You can directly use the data transform operation to process a piece of data. The return value is the data transform result.

Data transform operations (vision transform, nlp transform, audio transform) can be used directly like calling a common function. Generally, the data transform object is initialized first, and then the data to be processed is transferred through the parenthesis method and the processing result is obtained.

import os
from download import download
from PIL import Image
import mindspore.dataset.vision as vision

url = "https://mindspore-website.obs.cn-north-4.myhuaweicloud.com/notebook/datasets/banana.jpg"
download(url, './banana.jpg', replace=True)
Downloading data from https://mindspore-website.obs.cn-north-4.myhuaweicloud.com/notebook/datasets/banana.jpg (17 kB)

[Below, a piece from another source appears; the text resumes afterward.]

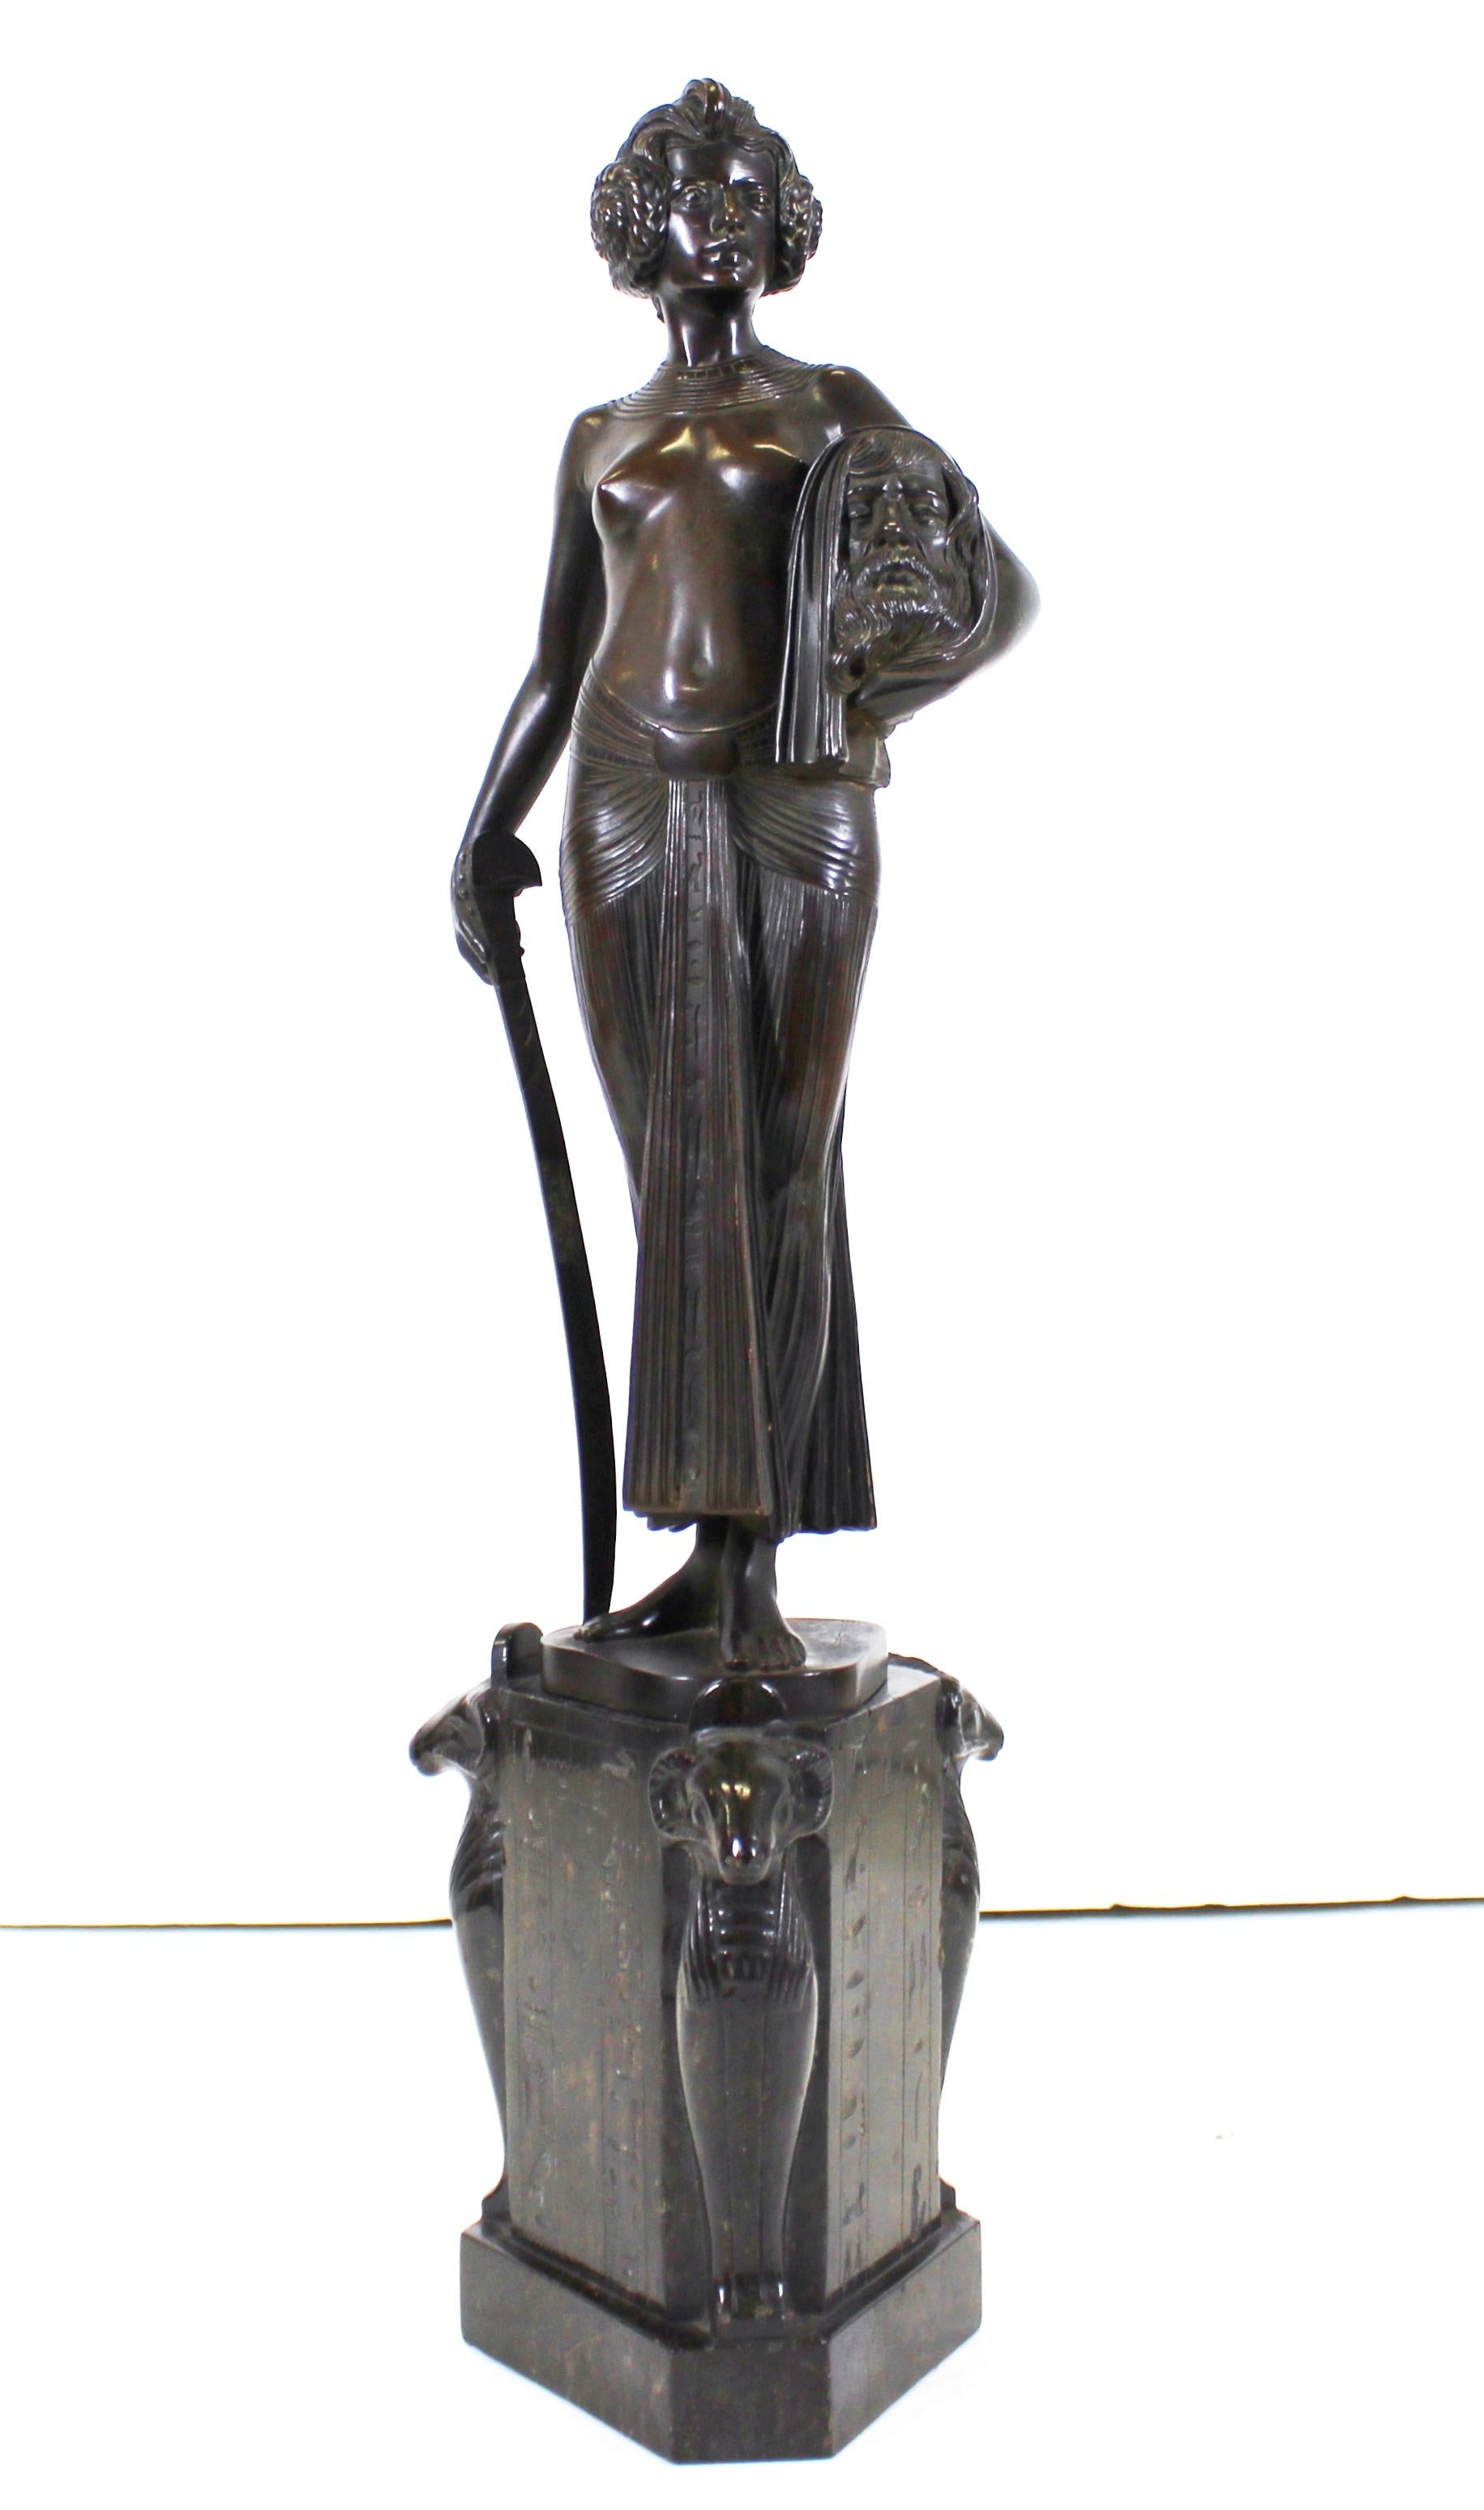 Sculpture allemande en bronze de style Jugendstil représentant Judith tenant son épée et la tête d'Holopherne, réalisée par le sculpteur et médailliste allemand Frist Christ (1866-1906). La figure de Judith repose sur une base hexagonale en marbre

file_sizes: 100%|██████████████████████████| 17.1k/17.1k [00:00<00:00, 2.14MB/s]
Successfully downloaded file to ./banana.jpg
'./banana.jpg'
img_ori = Image.open("banana.jpg").convert("RGB")
print("Image.type: {}, Image.shape: {}".format(type(img_ori), img_ori.size))
Image.type: <class 'PIL.Image.Image'>, Image.shape: (356, 200)
# Apply Resize to input immediately
resize_op = vision.Resize(size=(320))
img = resize_op(img_ori)
print("Image.type: {}, Image.shape: {}".format(type(img), img.size))
Image.type: <class 'PIL.Image.Image'>, Image.shape: (569, 320)

For more examples, see Lightweight Data Processing.